Records supplied: Begin
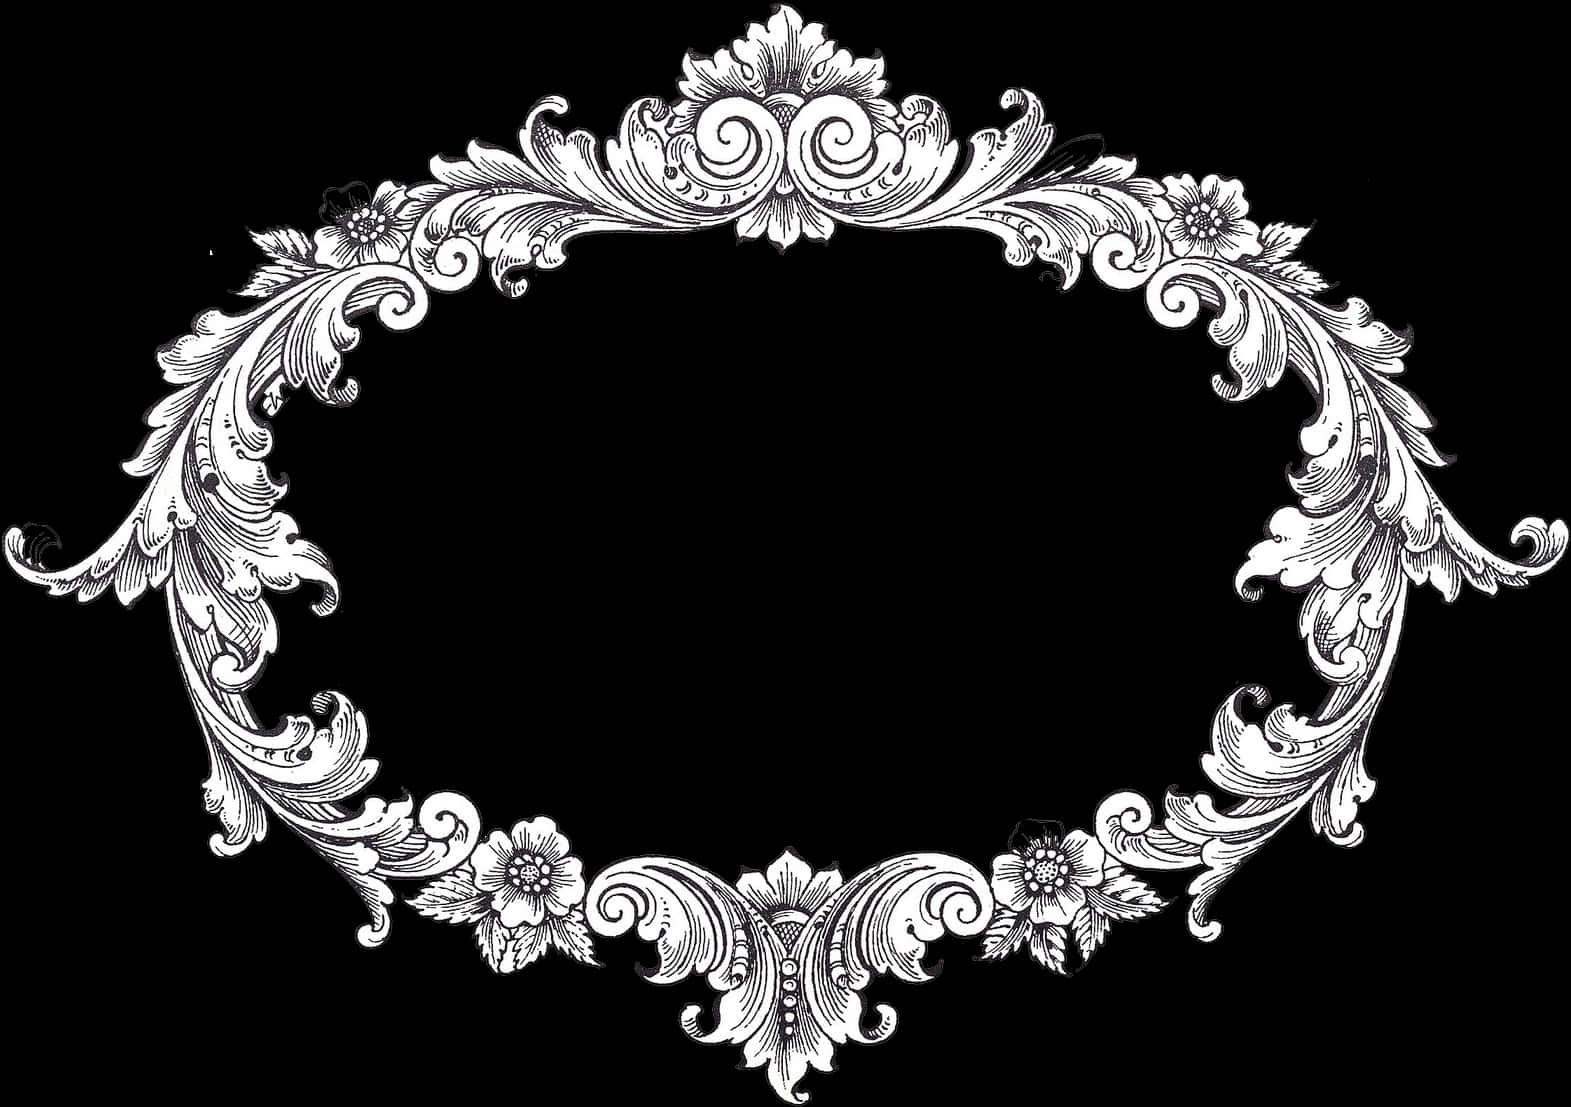 A White And Black Ornate Frame
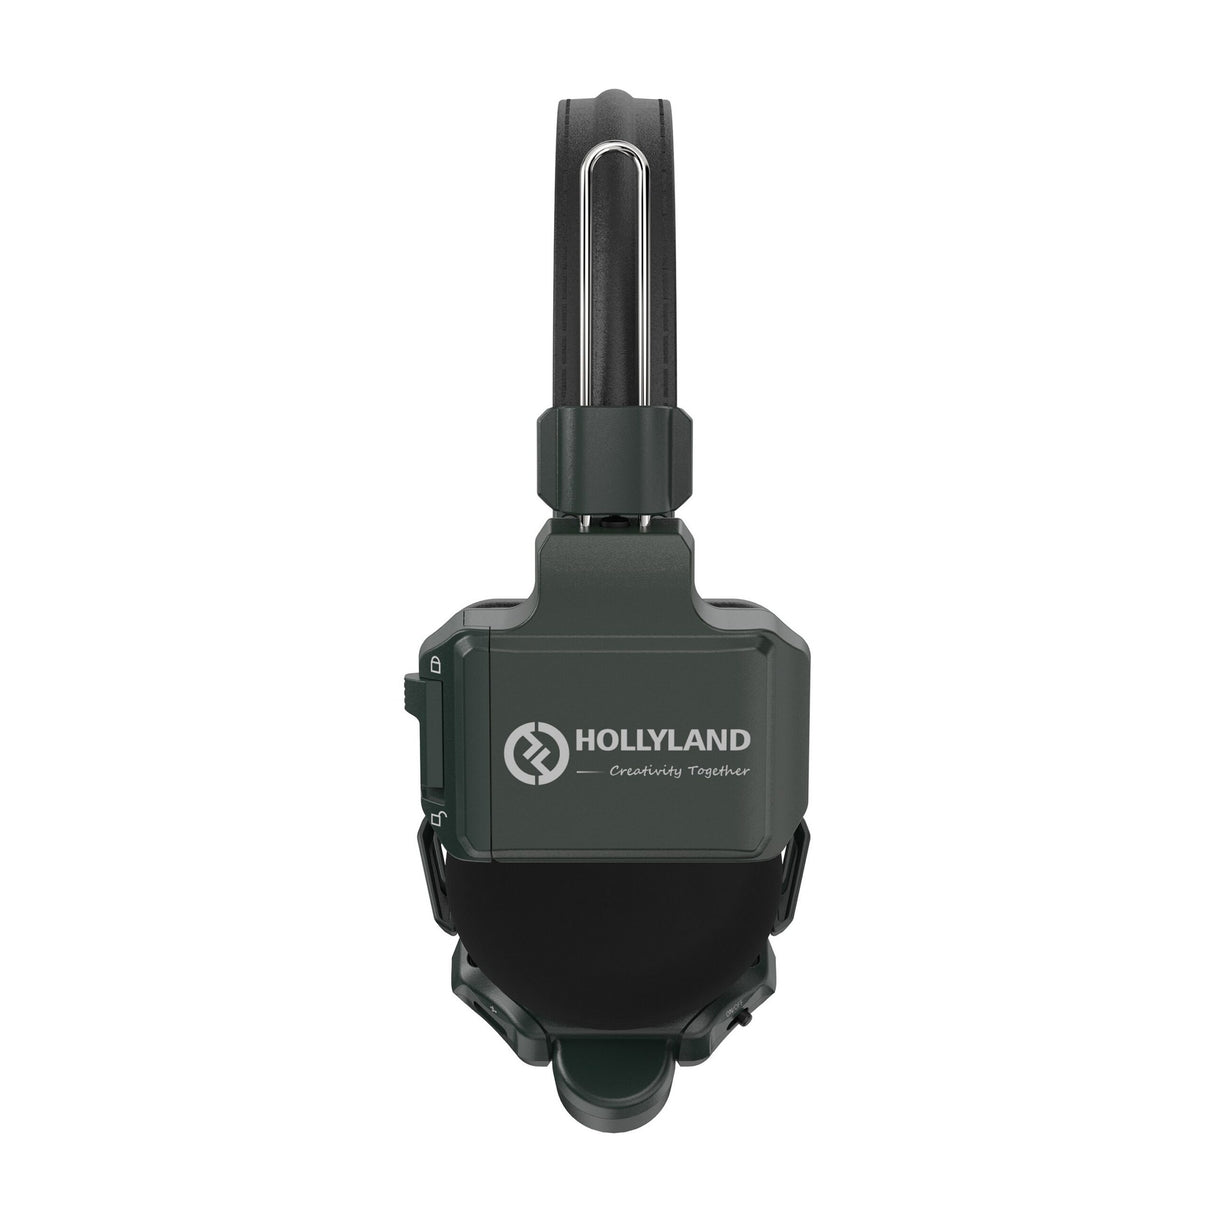 Hollyland Solidcom C1 Full Duplex Wireless Intercom System with 6 Headsets
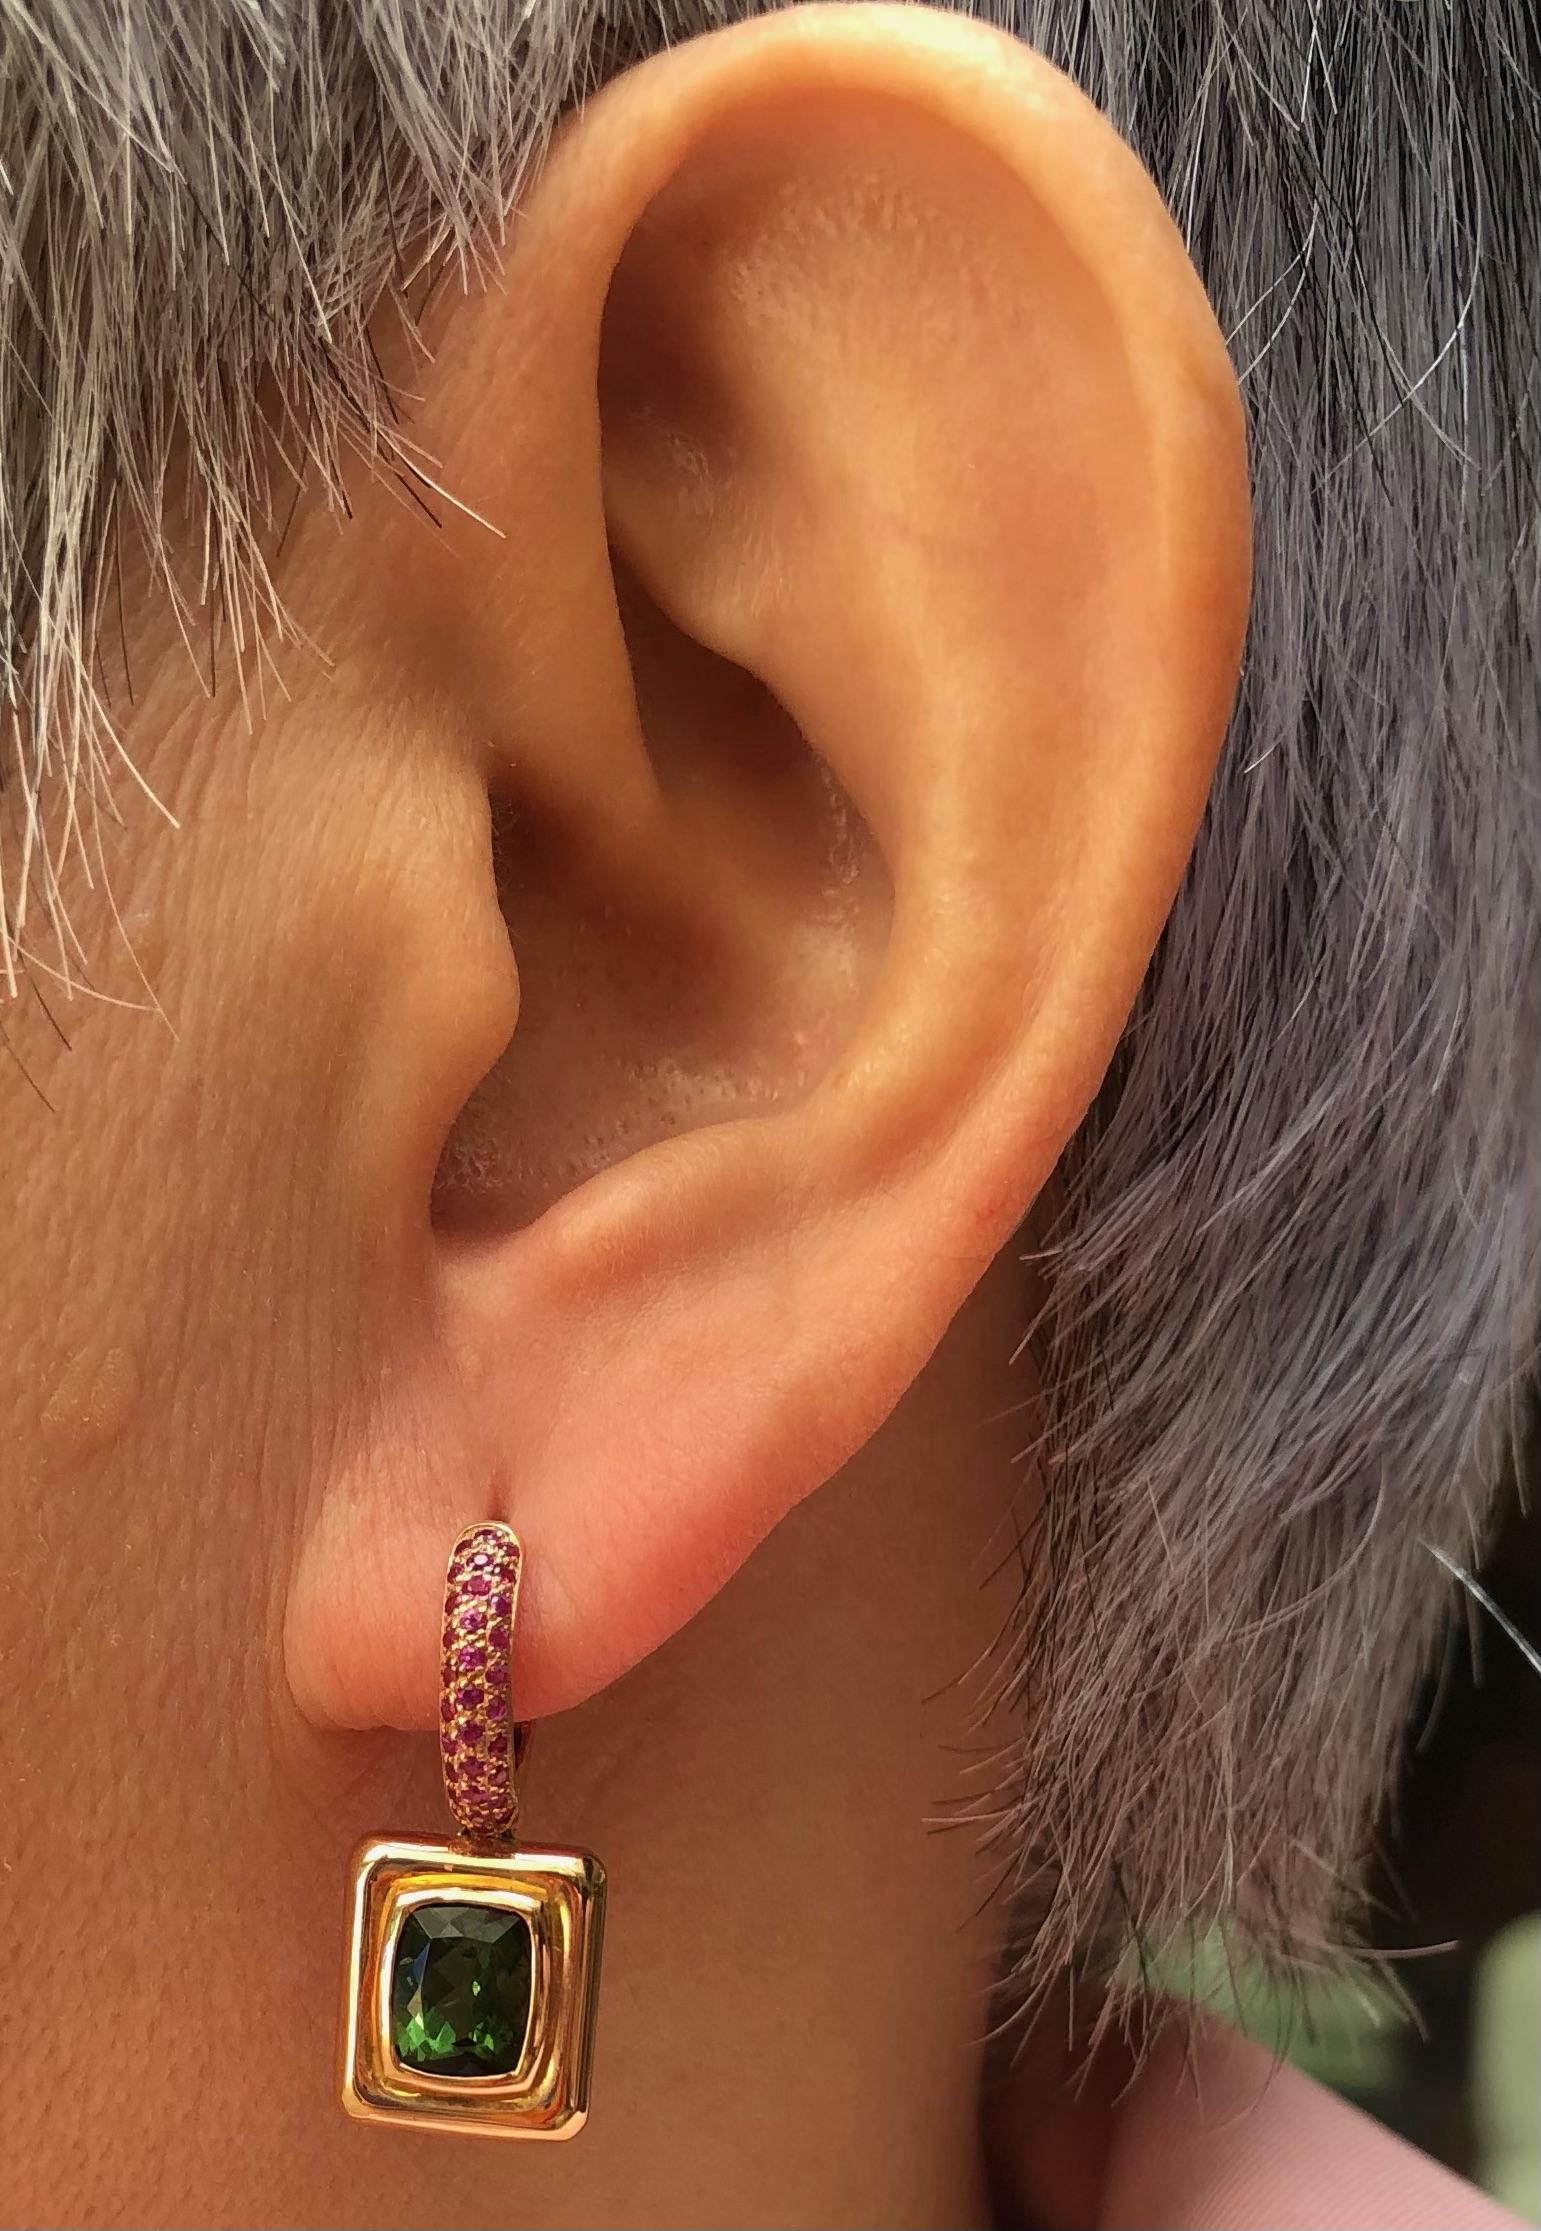 Green Tourmaline 3.15 carats with Pink Sapphire 0.48 carat Earrings set in 18 Karat Rose Gold Settings

Width: 1.1 cm
Length: 2.8 cm
Records supplied: End
To do:
Pictures are skipped here. Print exactly, and only, the lines from the one holding "Green Tourmaline 3.15" through the final line of the material above, both ends included.

Answer to this problem:
 Green Tourmaline 3.15 carats with Pink Sapphire 0.48 carat Earrings set in 18 Karat Rose Gold Settings

Width: 1.1 cm
Length: 2.8 cm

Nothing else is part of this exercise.